WORK TO COMPLETE>
Output the complete listing exactly, please, and keep the pictures out of it.

GIVEN MATERIAL>
┏━━
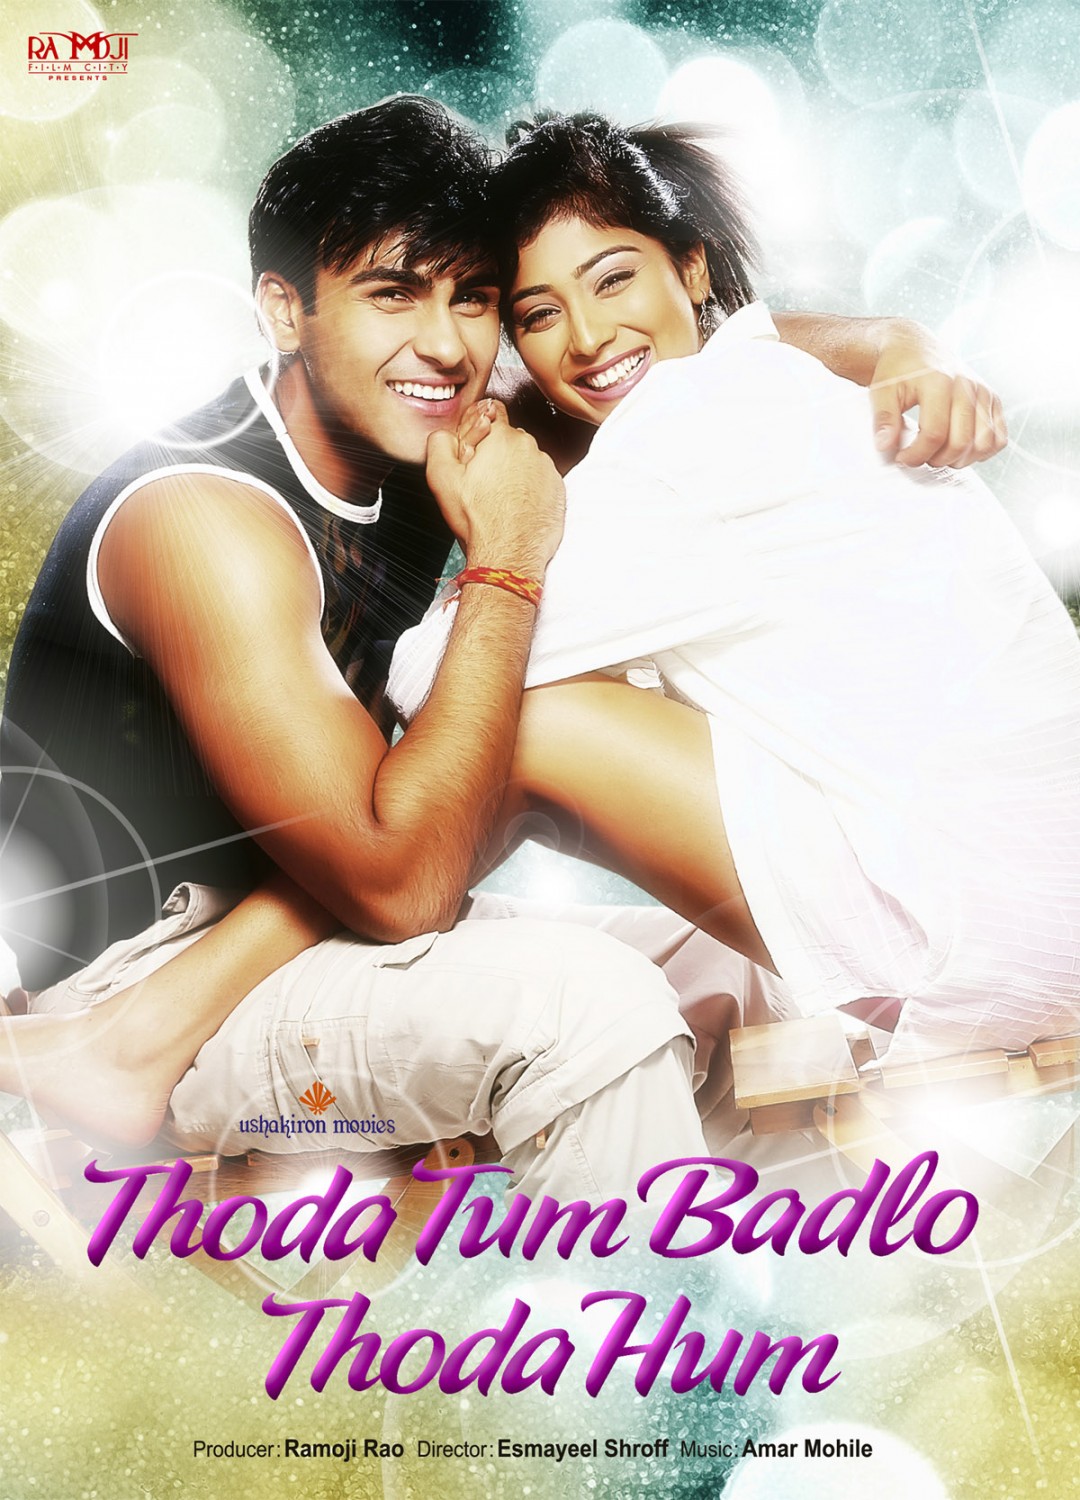 Extra Large Movie Poster Image for Thoda Tum Badlo Thoda Hum (#1 of 2)
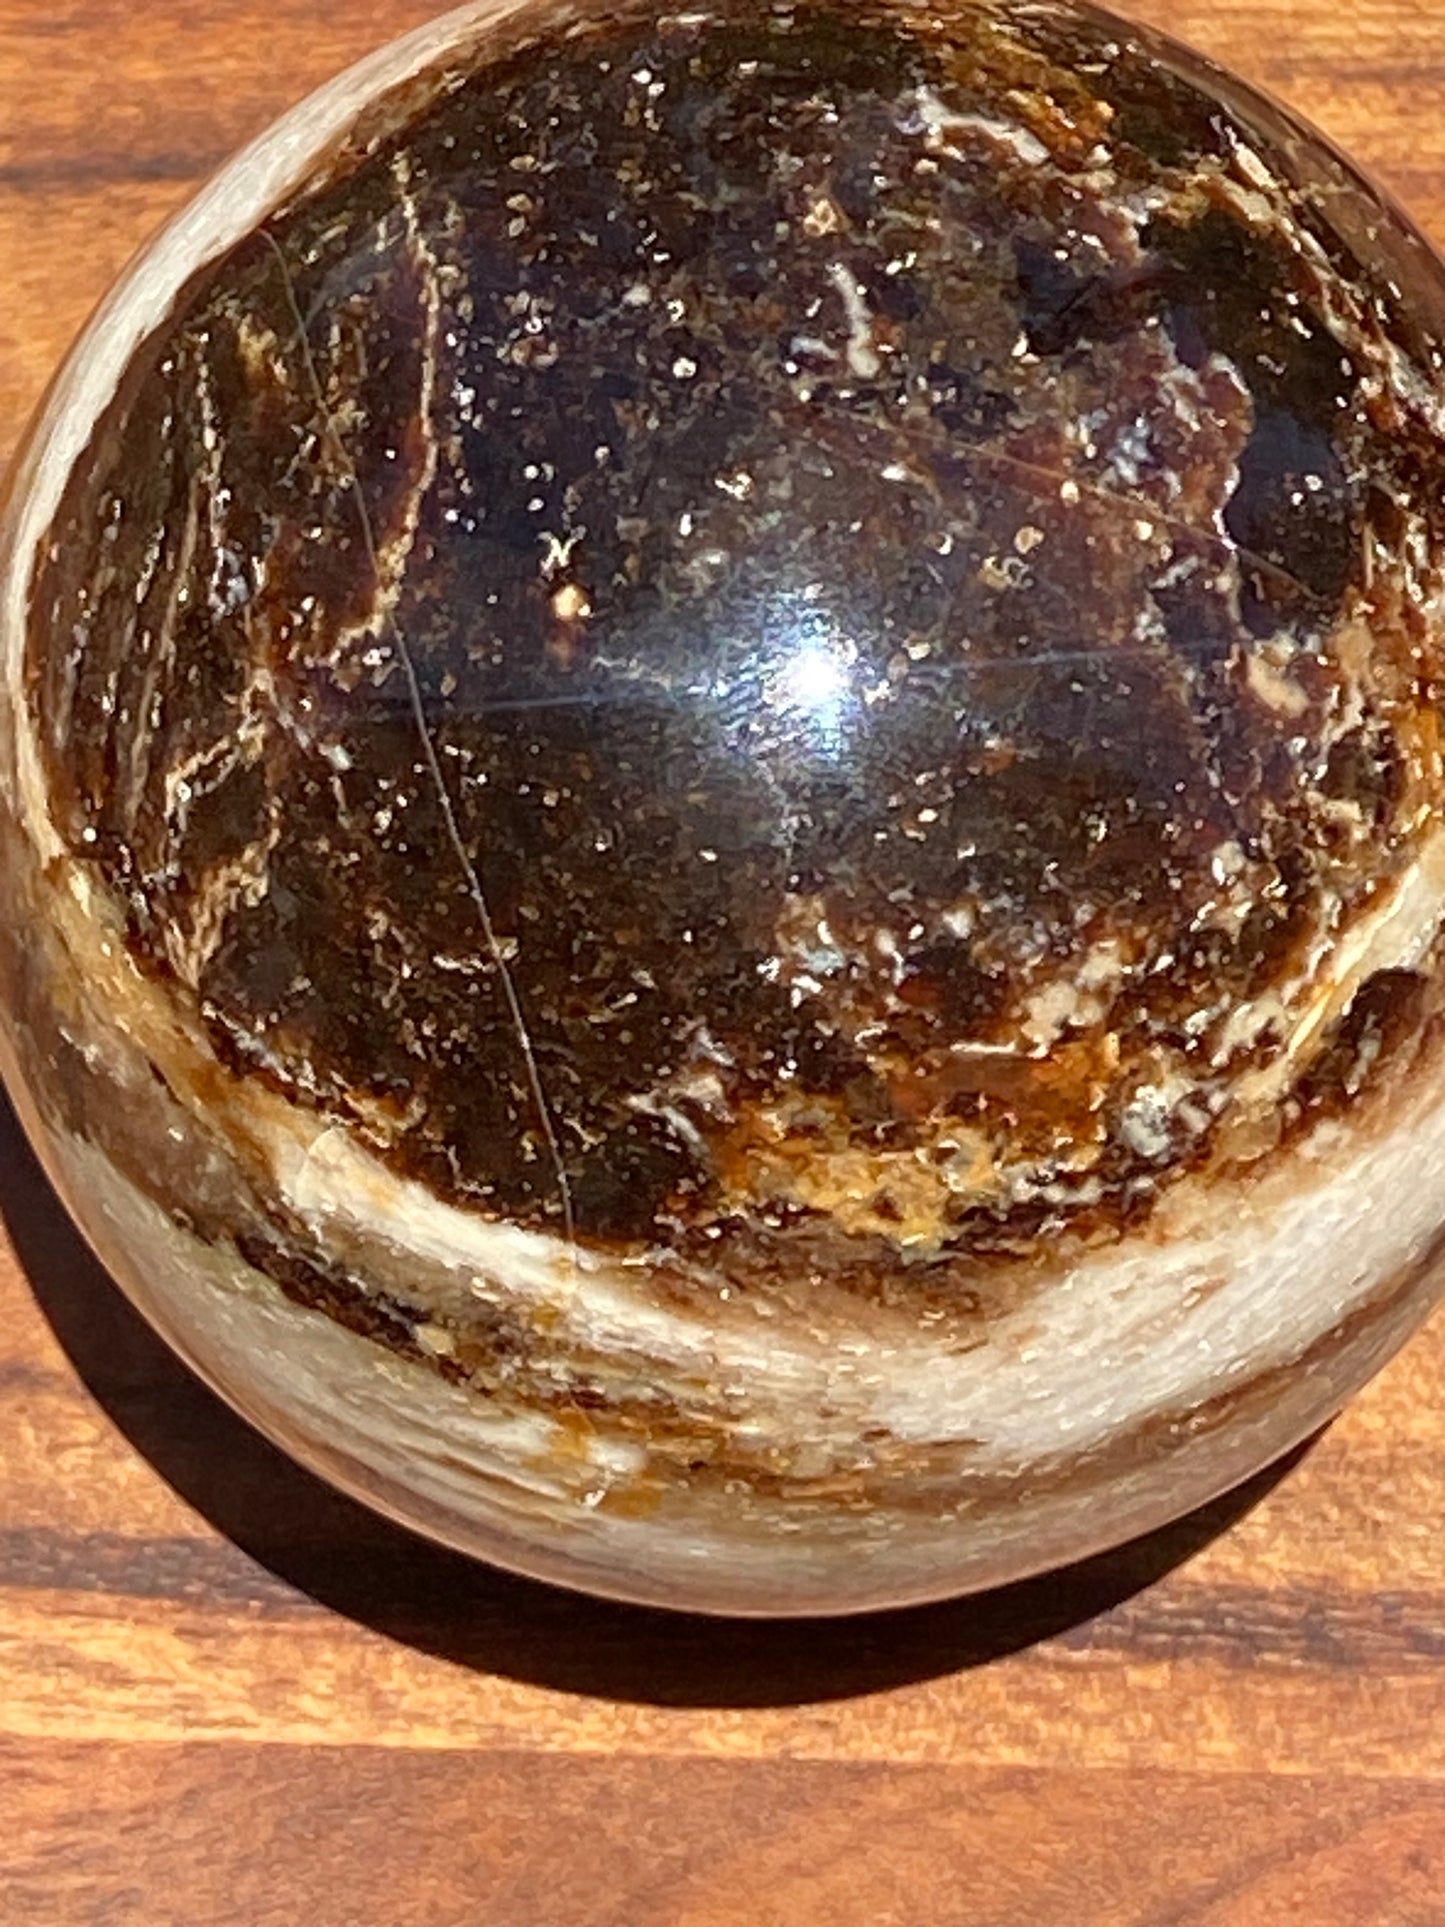 Black Opal Sphere
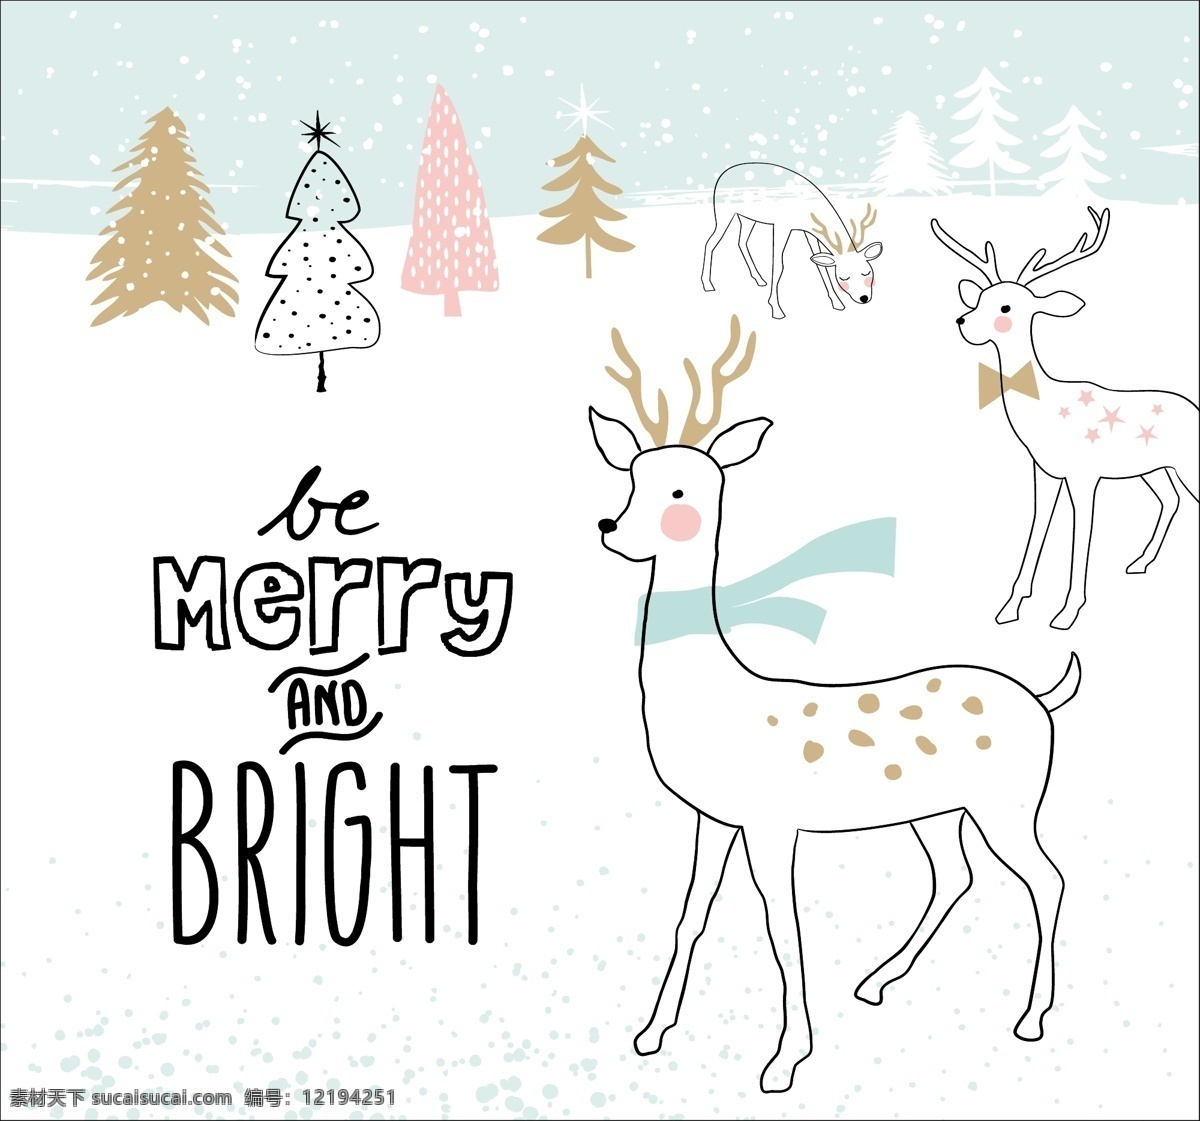 麋鹿 卡通 动物 线 稿 圣诞节 创意 卡片 矢量 金色 节日祝福 贺卡 企鹅 冬天 圣诞 可爱 热闹
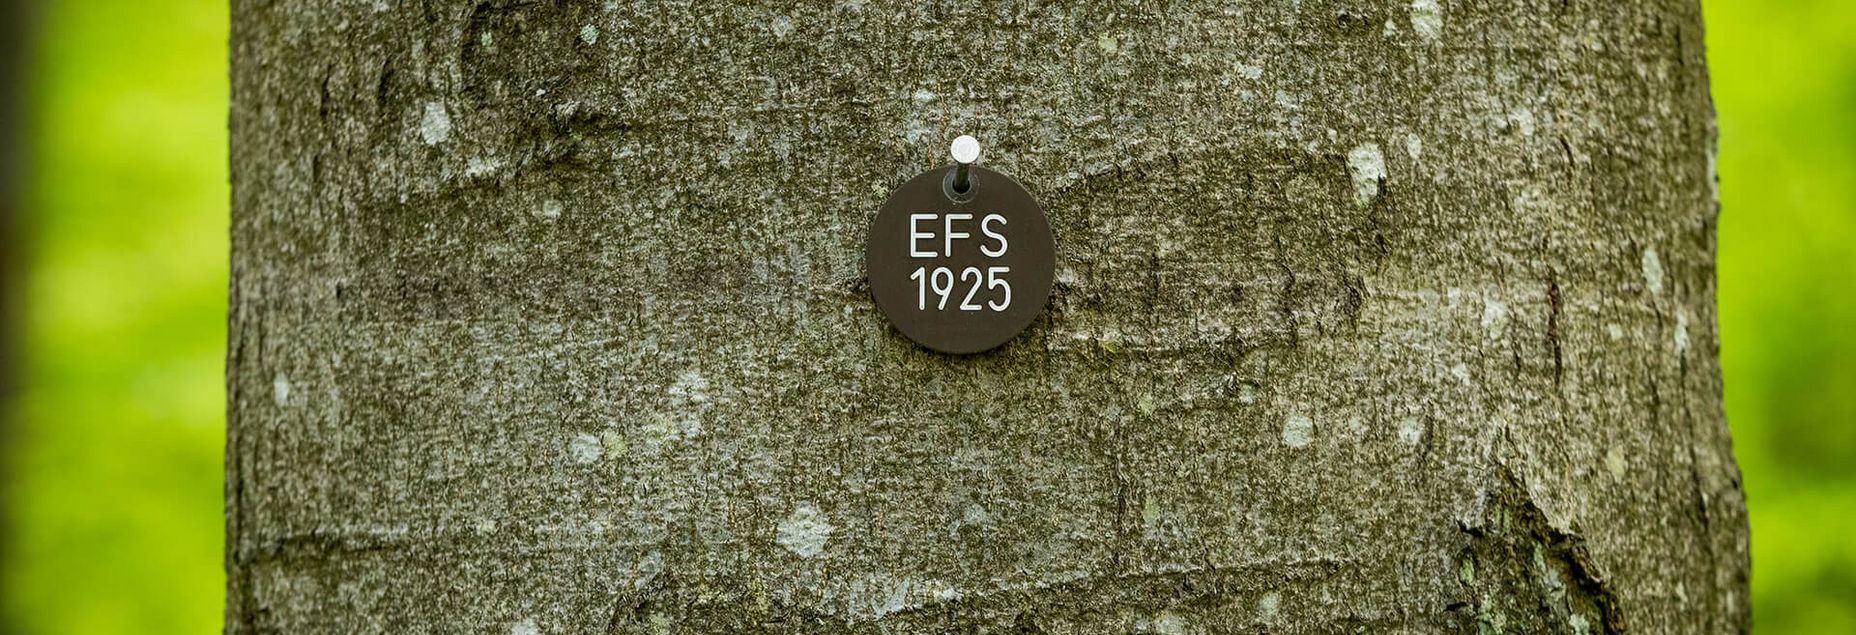 FriedWald-Onlineshop EFS 1925
┗━━
RESPONSE TO THE TASK>
 Extra Large Movie Poster Image for Thoda Tum Badlo Thoda Hum (#1 of 2)
 Black Opal Sphere
 麋鹿 卡通 动物 线 稿 圣诞节 创意 卡片 矢量 金色 节日祝福 贺卡 企鹅 冬天 圣诞 可爱 热闹
 FriedWald-Onlineshop EFS 1925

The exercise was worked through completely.